As a final image to use for my screenprint, I had chosen a photo I had taken of an element of St Paul’s Cathedral in London. I had edited the photo into a halftone image the same way I edited the pair of scissors as an experiment with Photoshop. I also cropped the image so the viewer would be focused on the building rather than the tourists in front of it.

In the screenprint workshop we were shown the process of a screenprint through using just a stencil and using a photosensitive emulsion.

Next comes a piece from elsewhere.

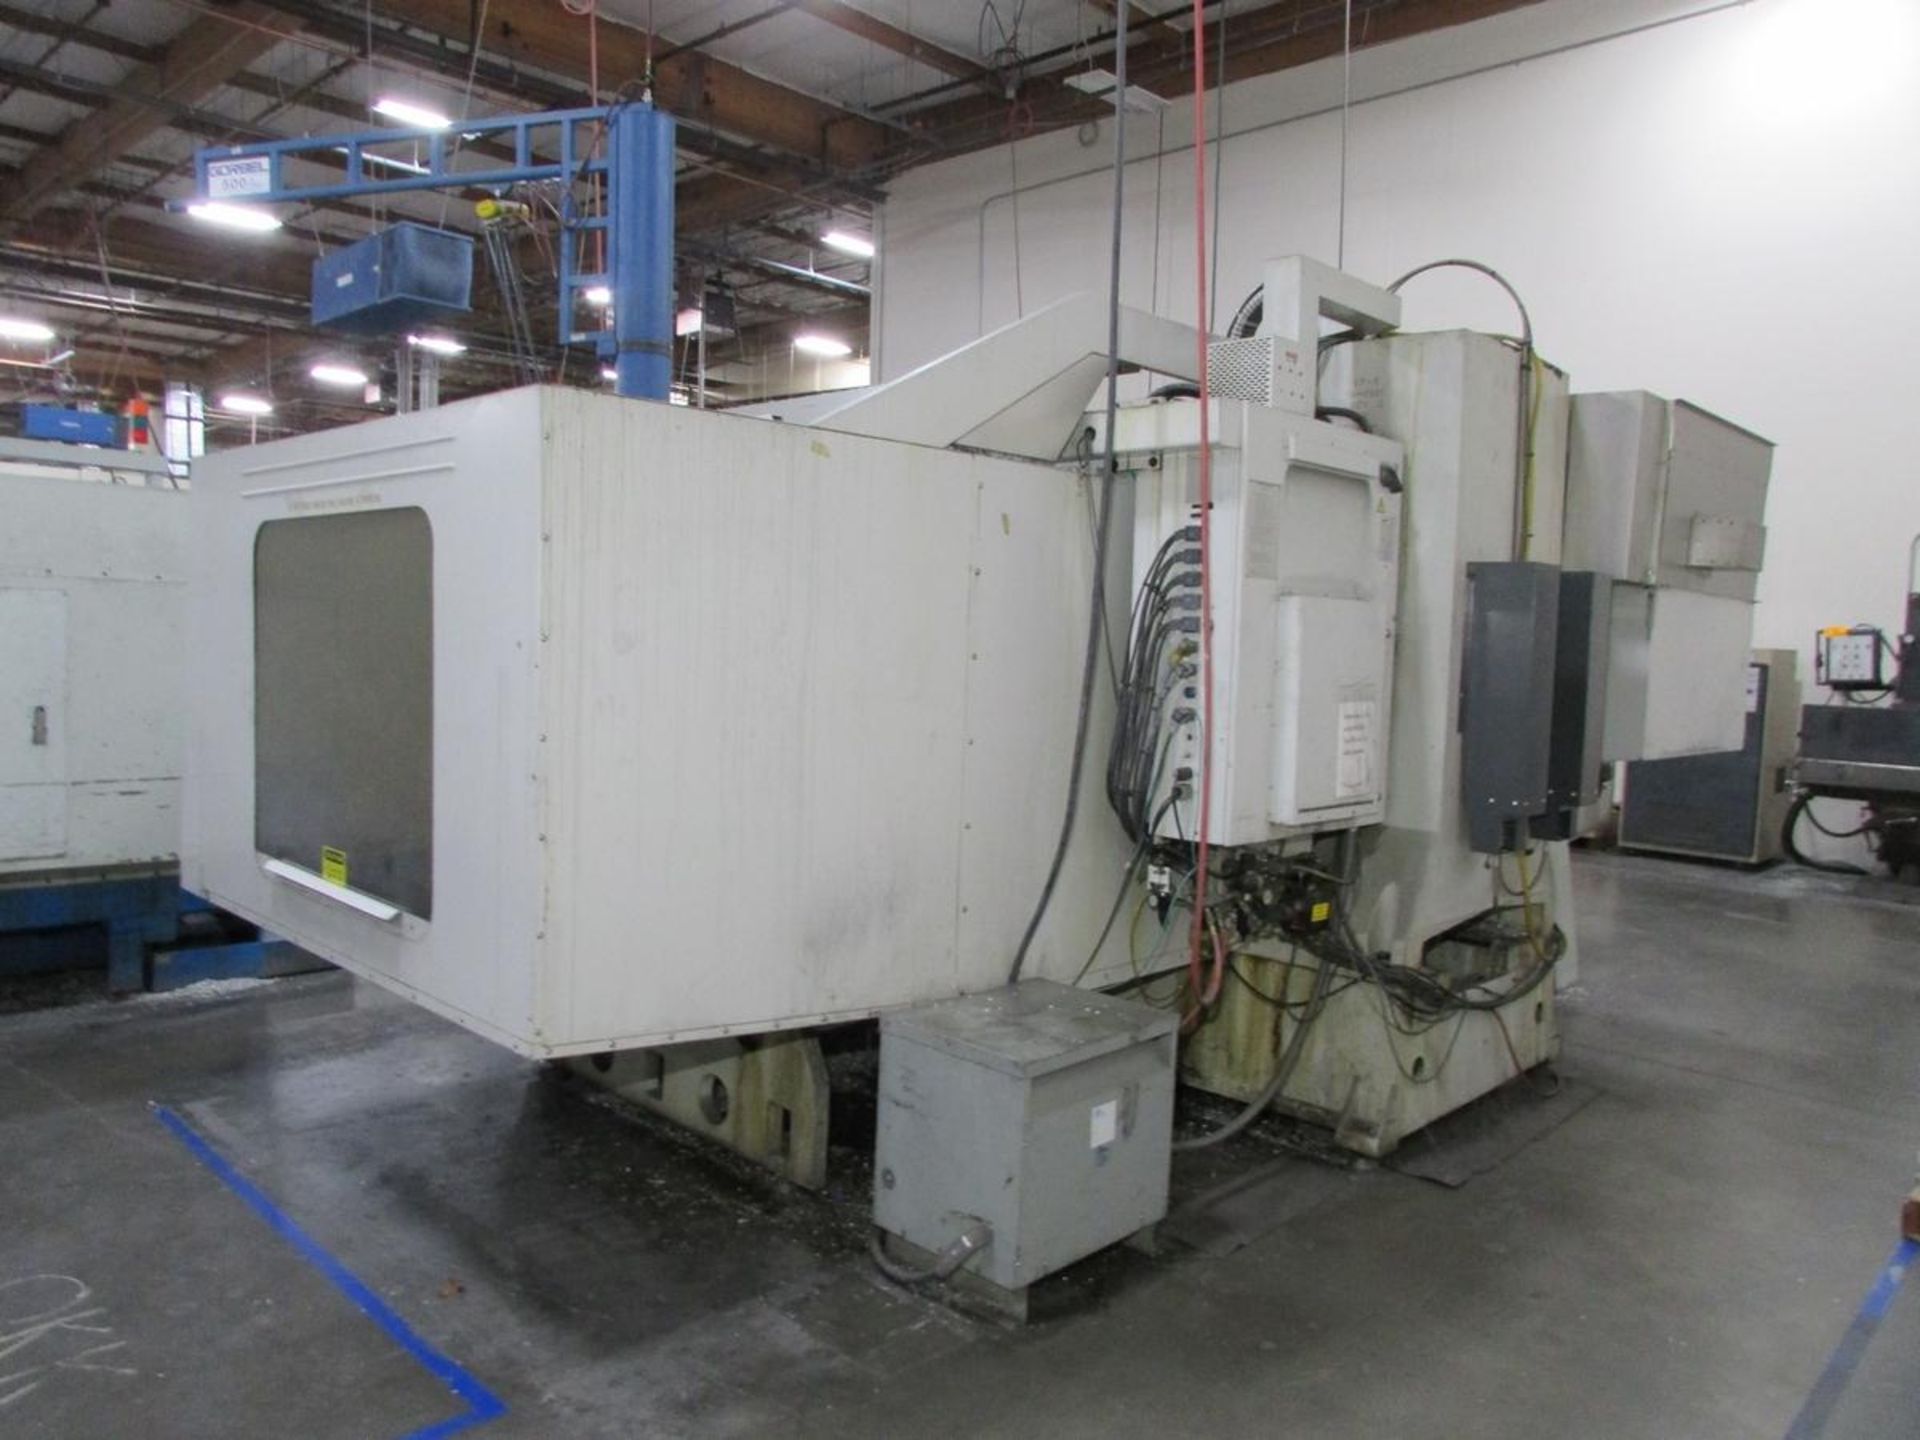 1997 Haas VR-11 5-Axis CNC Vertical Maching Center - Image 19 of 30

We first learnt how to use a stencil to create a ‘blocky’ screenprint. We drew out a large stencil on a piece of 45gsm paper. This was paper which is commonly used for newspaper purposes. We then cut out the shape we drew with a scalpel. We attached the side of the paper which we drew, onto the outside of the screen with masking tape. After attaching the stencil we clamped the screen to a wooden board with the screen facing downwards. I then chose the colour red to use for the stencil, as I thought it was a strong and eye-catching colour to start with. Because the photo was of one of the clock towers’ at St Paul’s Cathedral, I also thought it reflected on it’s significance in World War 2 and what impacts it had received from bombs. Using a plastic knife, I mixed the red paint with Acrylic Medium, which made the acrylic paint thinner and less viscous to work with, which meant it wouldn’t dry out as quickly without. This was practical for the screen printing which meant it wouldn’t dry in the nylon screen quickly, blocking it. Another applicant we would have used would be an oil based ink, however with so little oil based ink we had, it was very expensive to use and there would be less a variety of colours.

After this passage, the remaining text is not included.